Step by step solution

01

Convert KB to Kbits

First, convert the data size from kilobytes (KB) to kilobits (Kbits). Since 1 byte = 8 bits, multiply the given data size by 8. So, if the data size is given as \(x\) KB, it will be \(8x\) Kbits.
02

Calculate the Transmission Time

Now, use the link speed in Mbps to calculate the transmission time. The link speed given is \(y\) Mbps, which means \(y\) megabits per second. To find the transmission time in seconds, divide the total data size in Kbits by the link speed in Mbps.The formula for the transmission time \(T\) is: \[ T = \frac{8x \text{ Kbits}}{y \text{ Mbps}} \] Since 1 Mbps = 1,000 Kbits, you need to divide the numerator by y*1000 to convert the denominator appropriately.
03

Simplify the Expression

Simplify the formula to find the final time taken: \[ T = \frac{8x}{y \times 1000} \text{ seconds} \] So, the transmission time is given as the ratio \( \frac{8x}{y \times 1000}\) seconds.

Key Concepts

These are the key concepts you need to understand to accurately answer the question.

Understanding Data Size Conversion
Before diving into the calculation of transmission time, it's important to understand how to convert data sizes. Data sizes in computer systems are typically measured in bytes (B) or bits (b). Here's a quick guide to converting kilobytes (KB) to kilobits (Kbits):

1. A byte consists of 8 bits. When you have data in kilobytes (KB), multiply by 8 to convert it to kilobits (Kbits).
2. For example, if you have a file size of 2 KB:
- 2 KB x 8 = 16 Kbits

This step is crucial because transmission speeds are often given in megabits per second (Mbps) and not in megabytes per second (MBps). Converting data size to kilobits ensures that we use the correct units in our formula for transmission time.
Understanding Transmission Speed
Transmission speed refers to the rate at which data is transmitted from one point to another in a given amount of time. This speed is often given in megabits per second (Mbps), which stands for millions of bits per second. Here are some key points to consider:

- 1 Mbps equals 1,000 Kbits per second.
- A higher transmission speed means faster data transfer.

For example, a transmission speed of 10 Mbps means that 10 million bits can be transmitted every second. Knowing the transmission speed helps us determine how quickly data can be sent over a network.
Formula for Transmission Time
Once you've converted the data size and understood the transmission speed, you can calculate the transmission time using a simple formula. The key to solving this problem is the formula:

\[ T = \frac{8x \text{ Kbits}}{y \text{ Mbps}} \tag{1} \]

Where:
- \( T \) is the transmission time in seconds
- \( x \) is the data size in kilobytes (KB)
- \( y \) is the transmission speed in megabits per second (Mbps)
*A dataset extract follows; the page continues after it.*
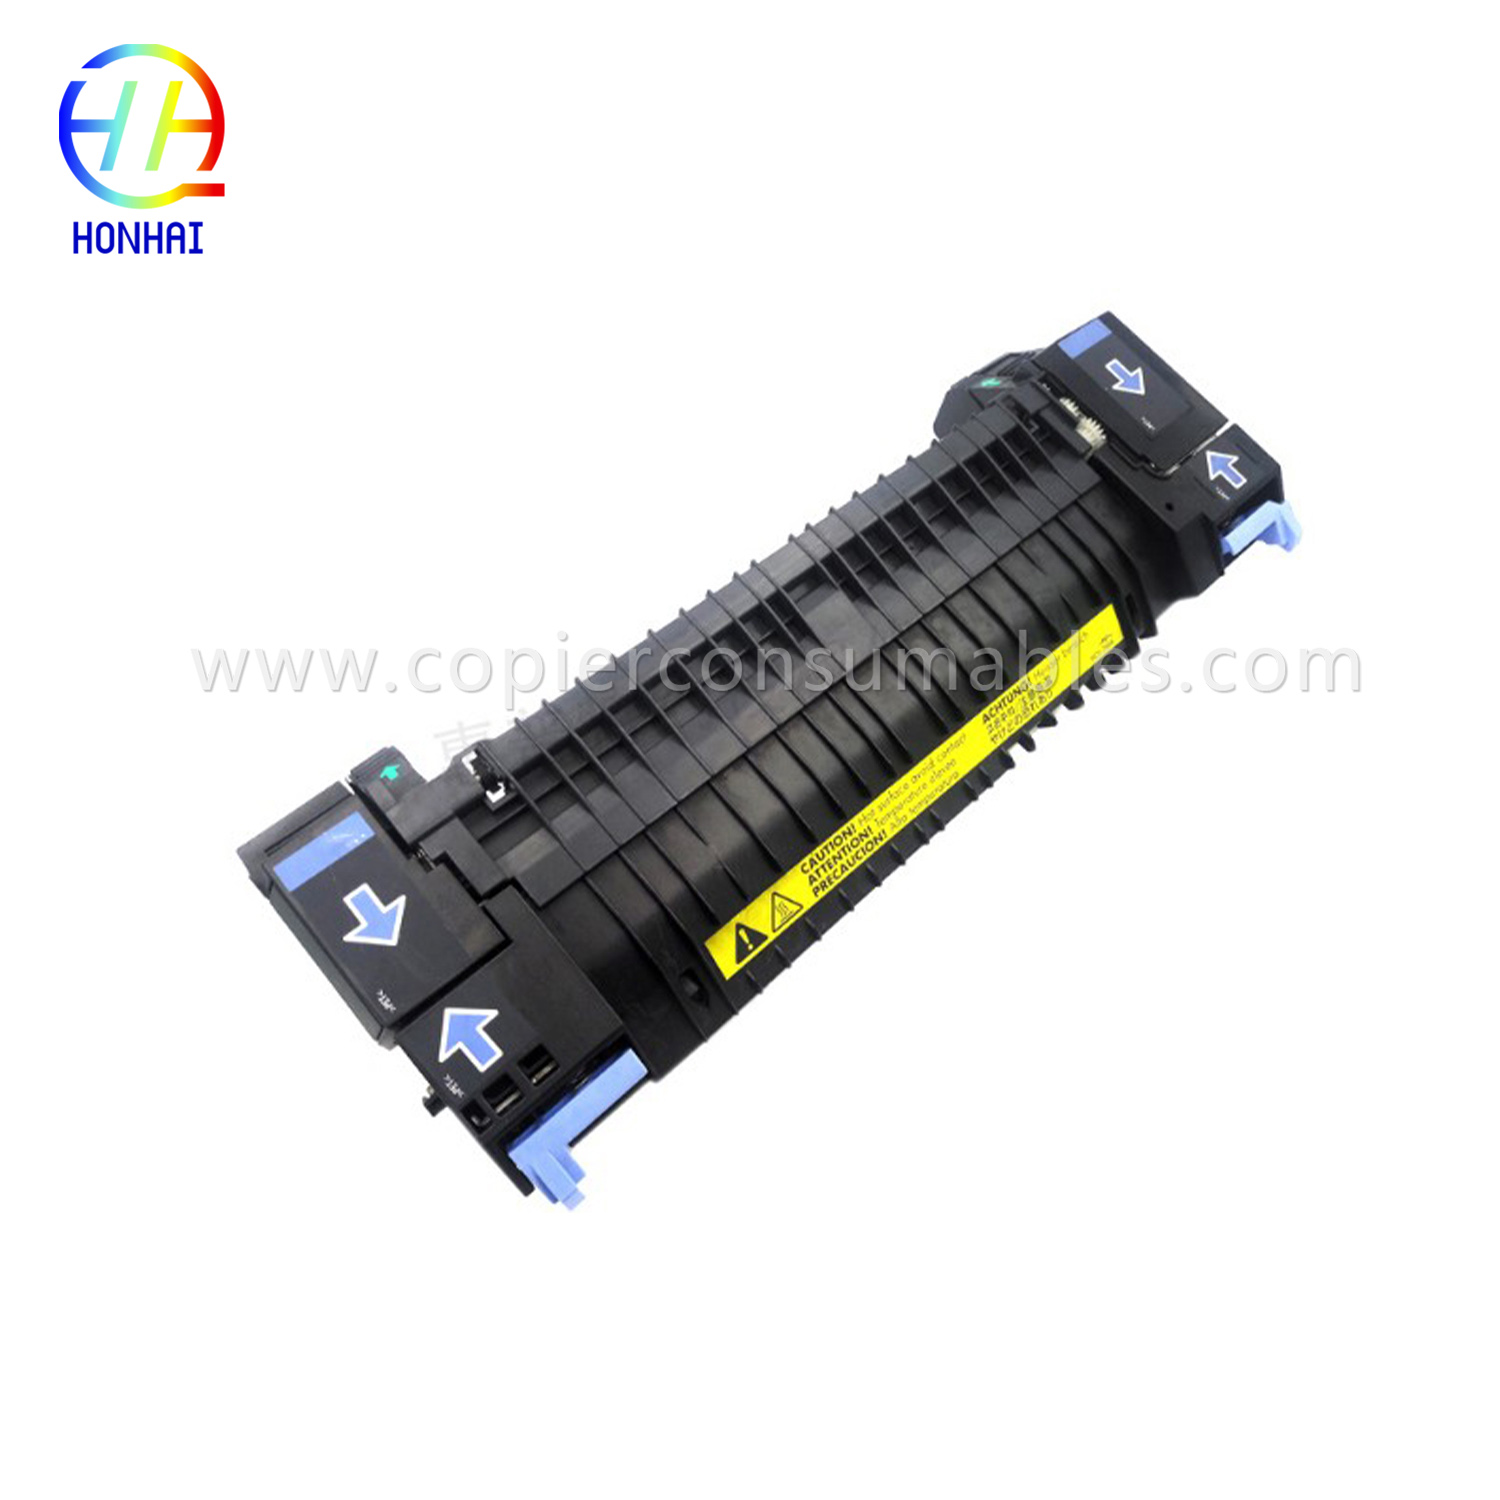 Фьюзер для HP Color LaserJet 2700 3000 3600 3800 CP3505 RM1-4348 RM1-2763 RM1-2665

To simplify it further, since 1 Mbps = 1,000 Kbits, we can rewrite the formula as:

\[ T = \frac{8x}{y \times 1000} \text{ seconds} \tag{2} \]

This means the time it takes to transmit the data is given by the ratio of \( \frac{8x}{y \times 1000} \) seconds. This formula helps you quickly determine how long it will take to send a certain amount of data over a network with a given speed.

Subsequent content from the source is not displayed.